> _Given information_:
-=-=-=-=-
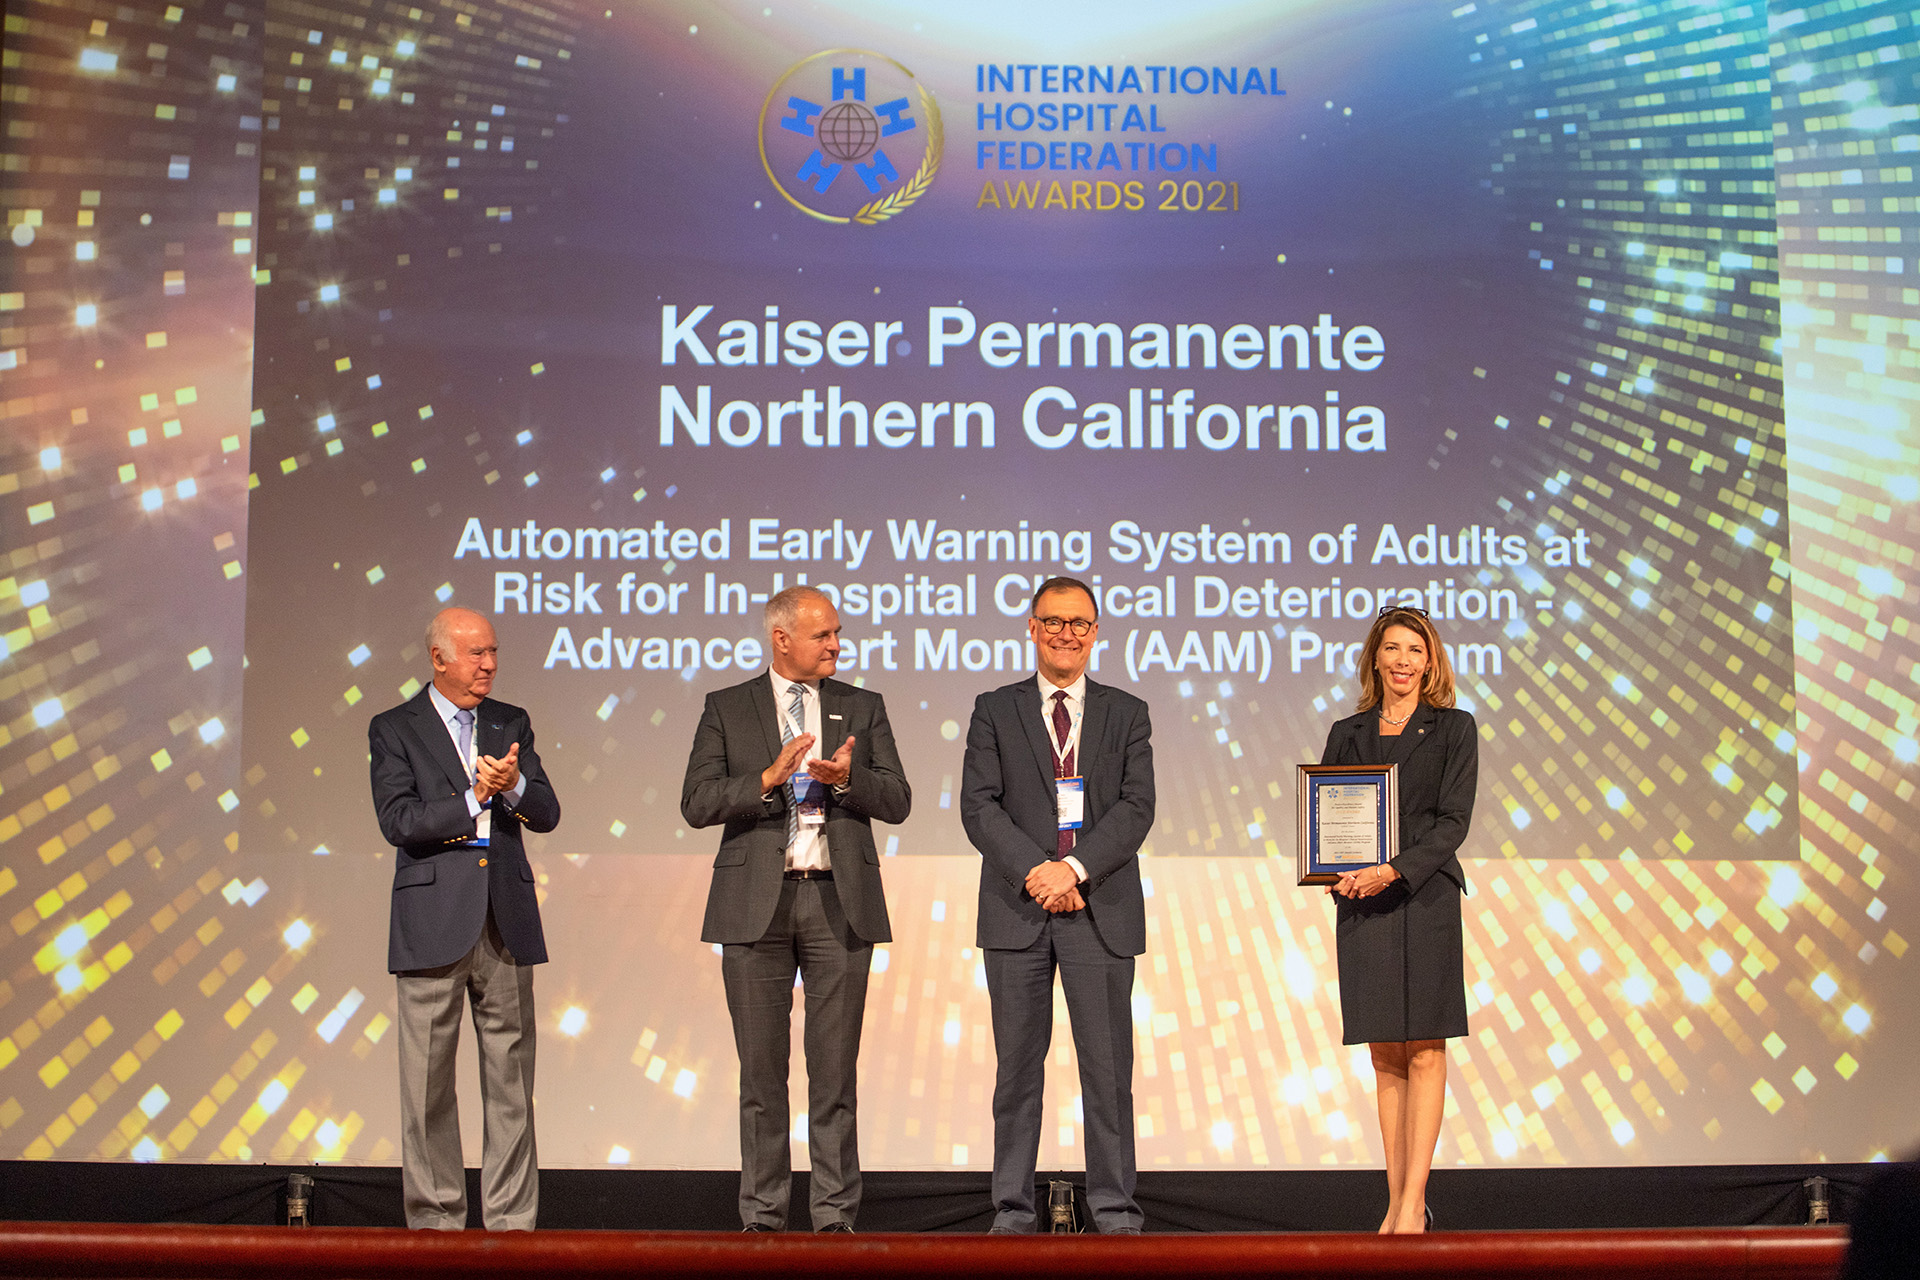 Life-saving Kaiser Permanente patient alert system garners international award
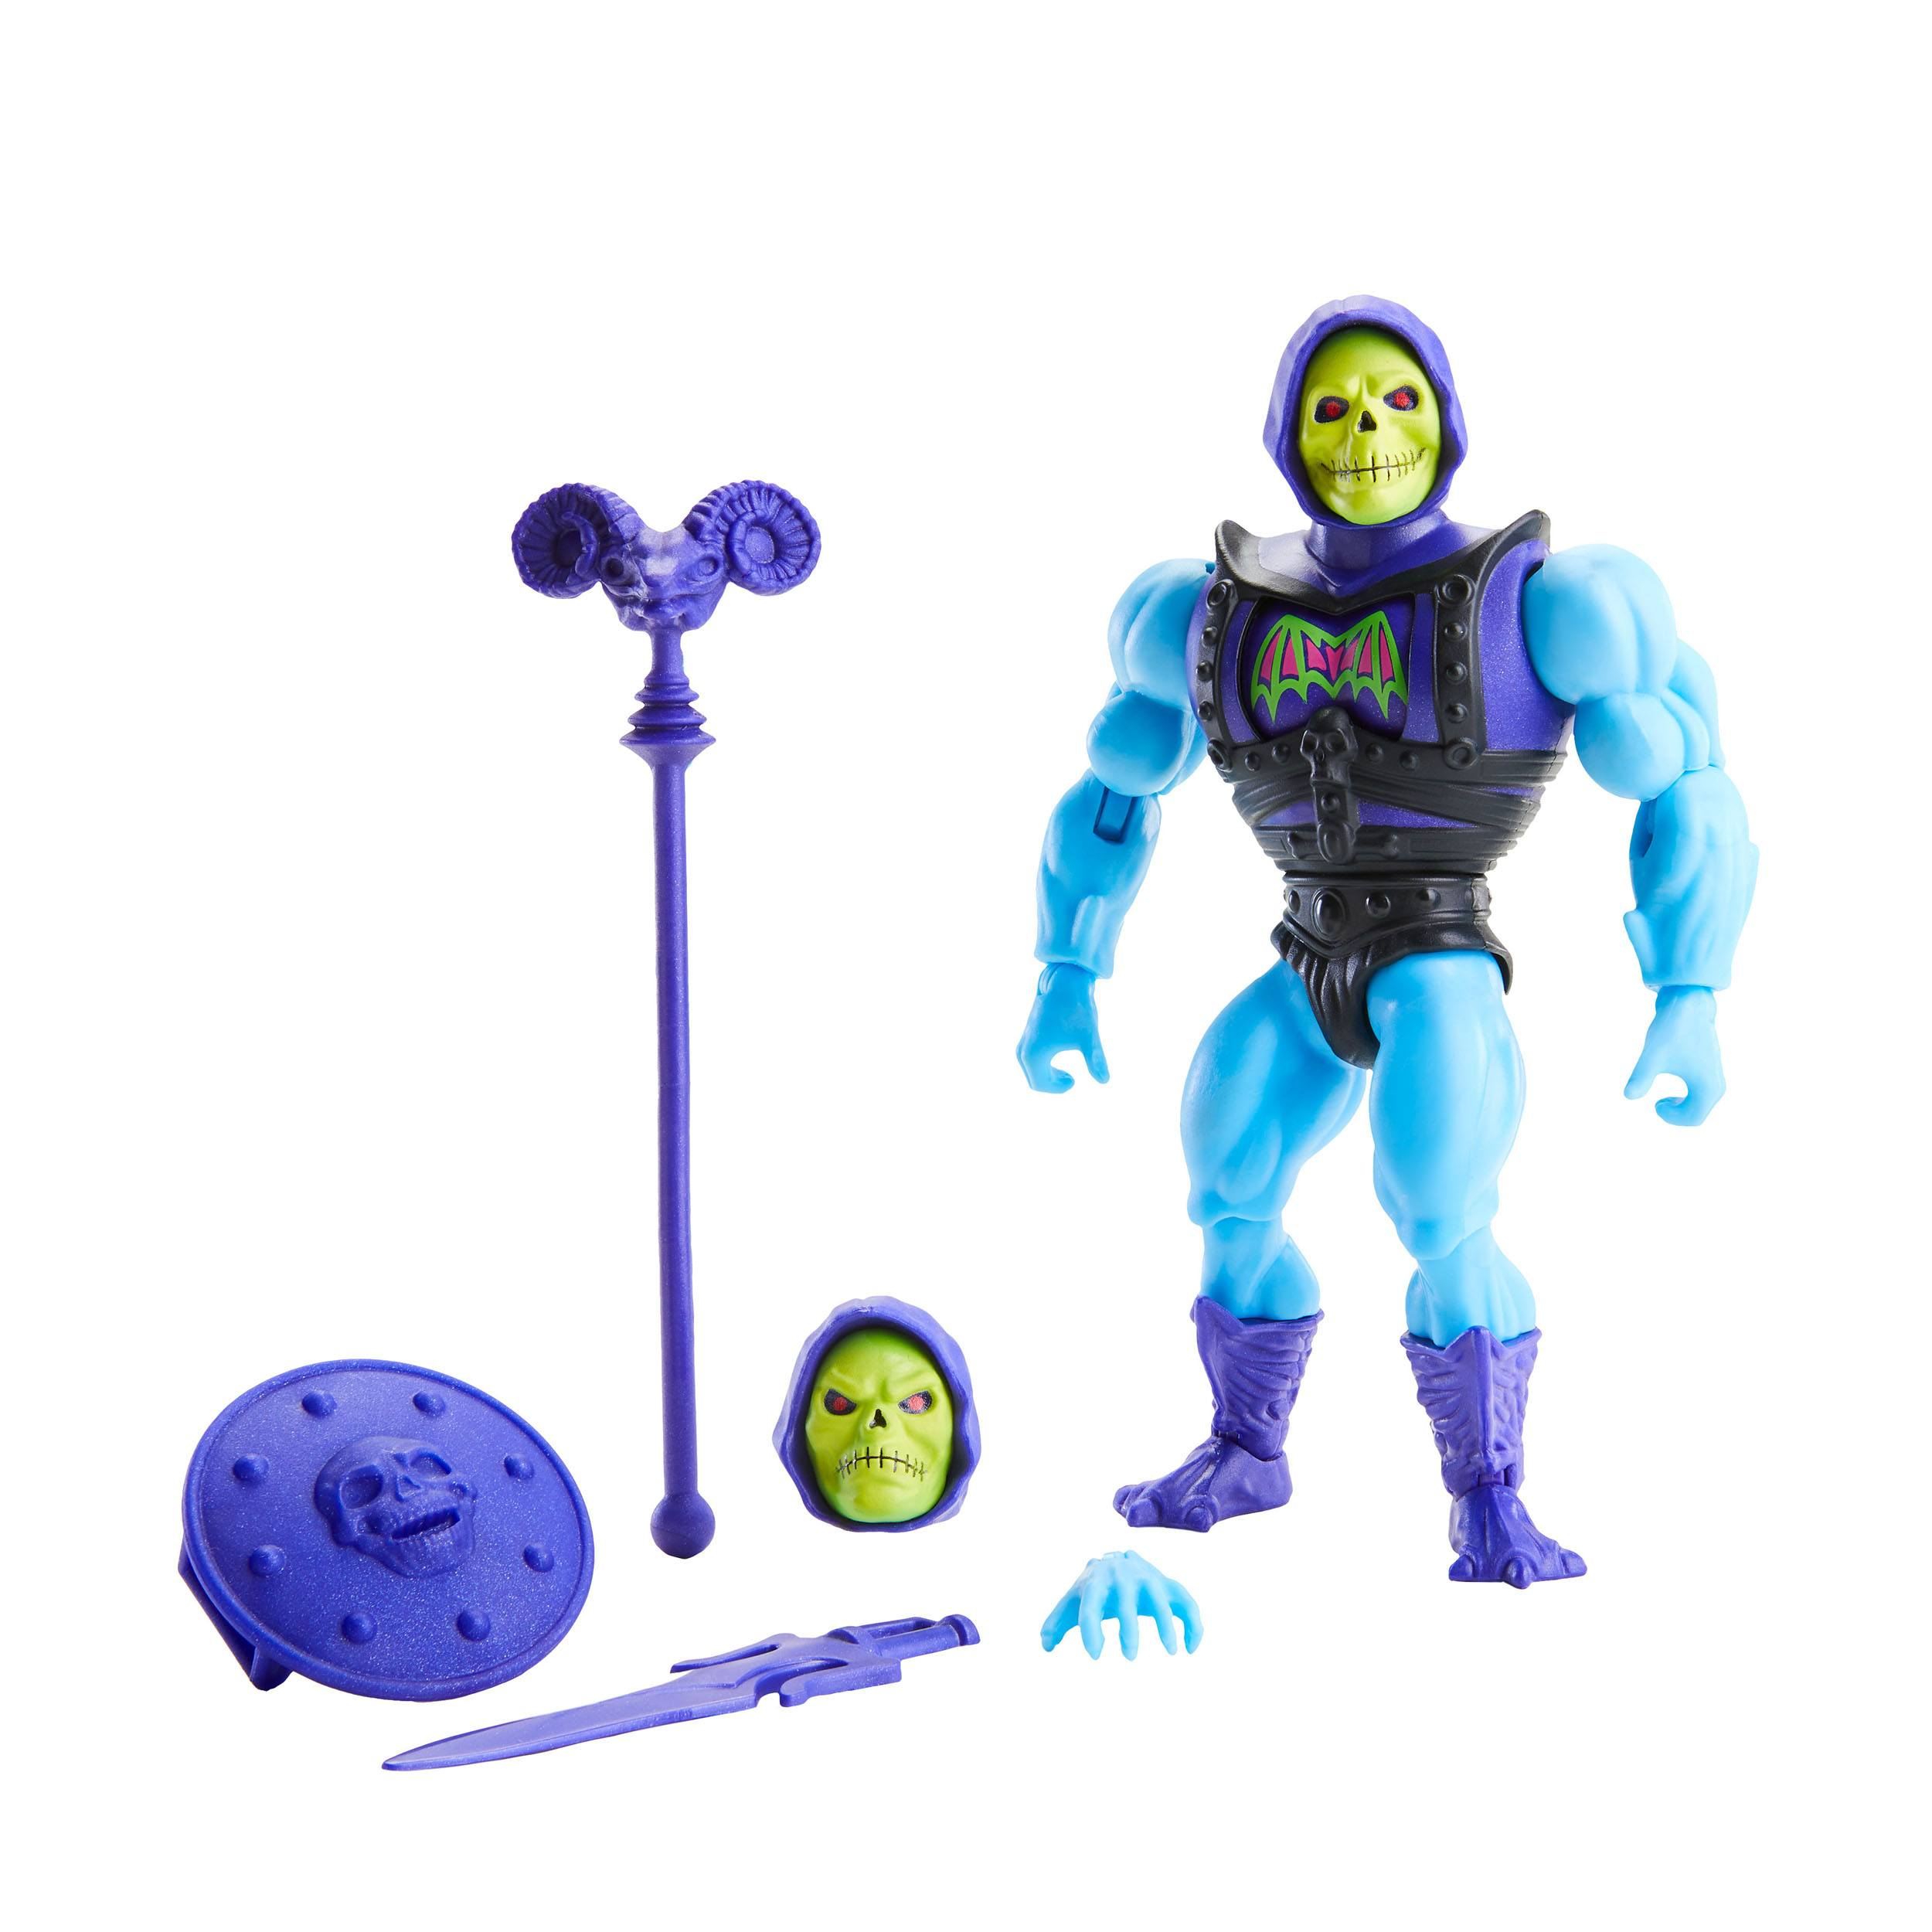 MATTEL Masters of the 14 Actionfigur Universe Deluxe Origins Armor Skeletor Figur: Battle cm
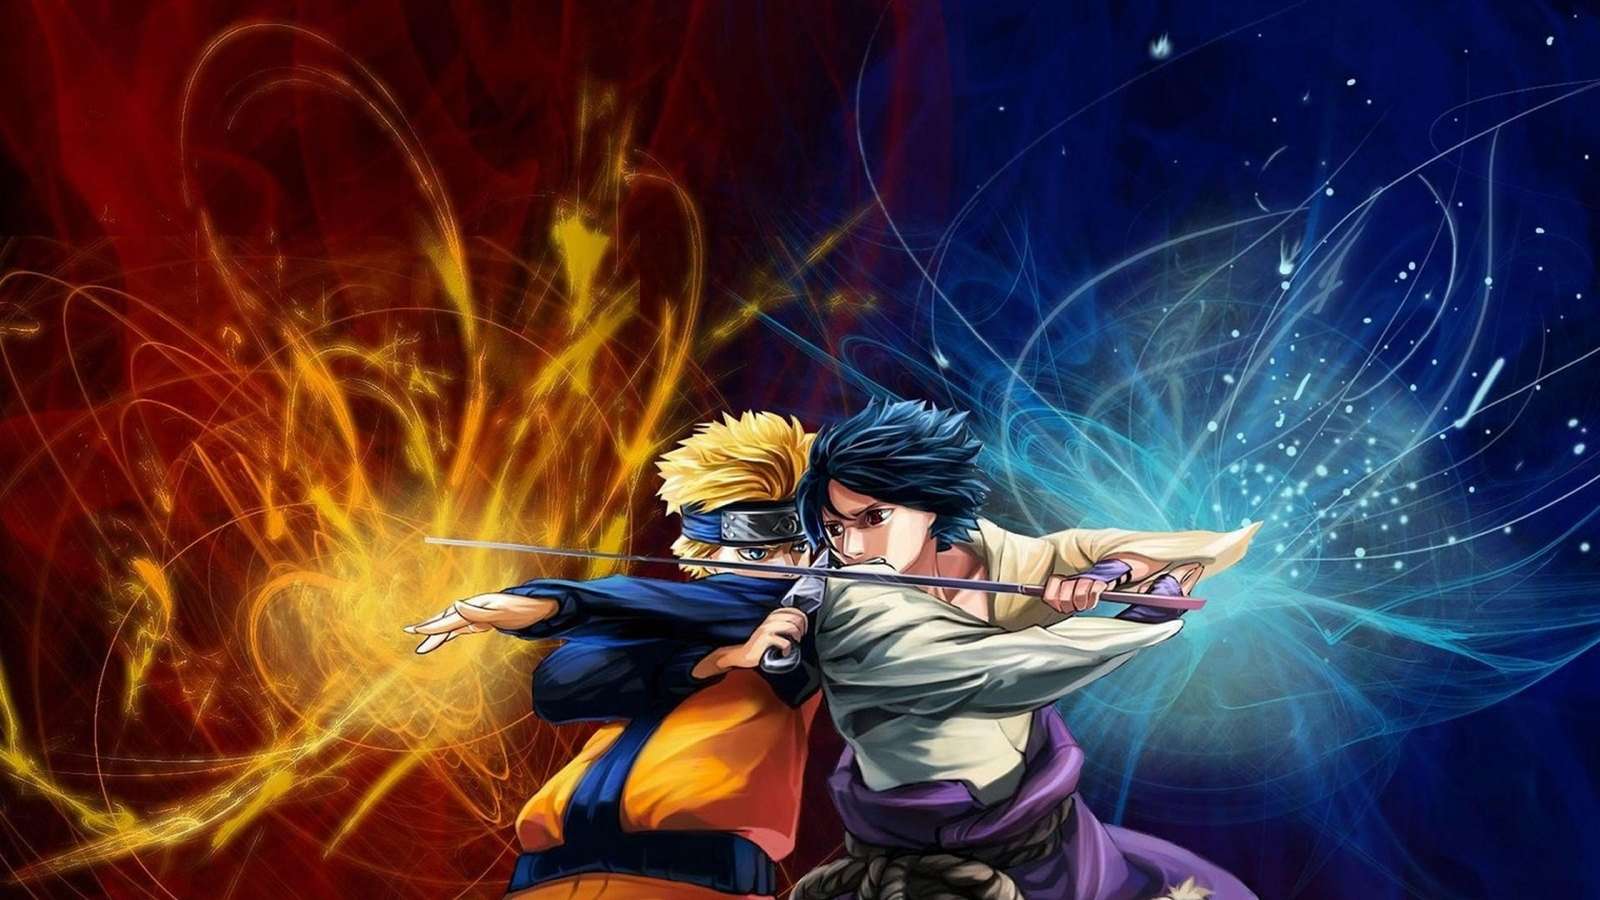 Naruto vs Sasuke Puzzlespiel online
-=-=-=-=-
> _Task_:
Could you reproduce all of the data above exactly and skip any image?

> _Response_:
 Life-saving Kaiser Permanente patient alert system garners international award
 MATTEL Masters of the 14 Actionfigur Universe Deluxe Origins Armor Skeletor Figur: Battle cm
 Naruto vs Sasuke Puzzlespiel online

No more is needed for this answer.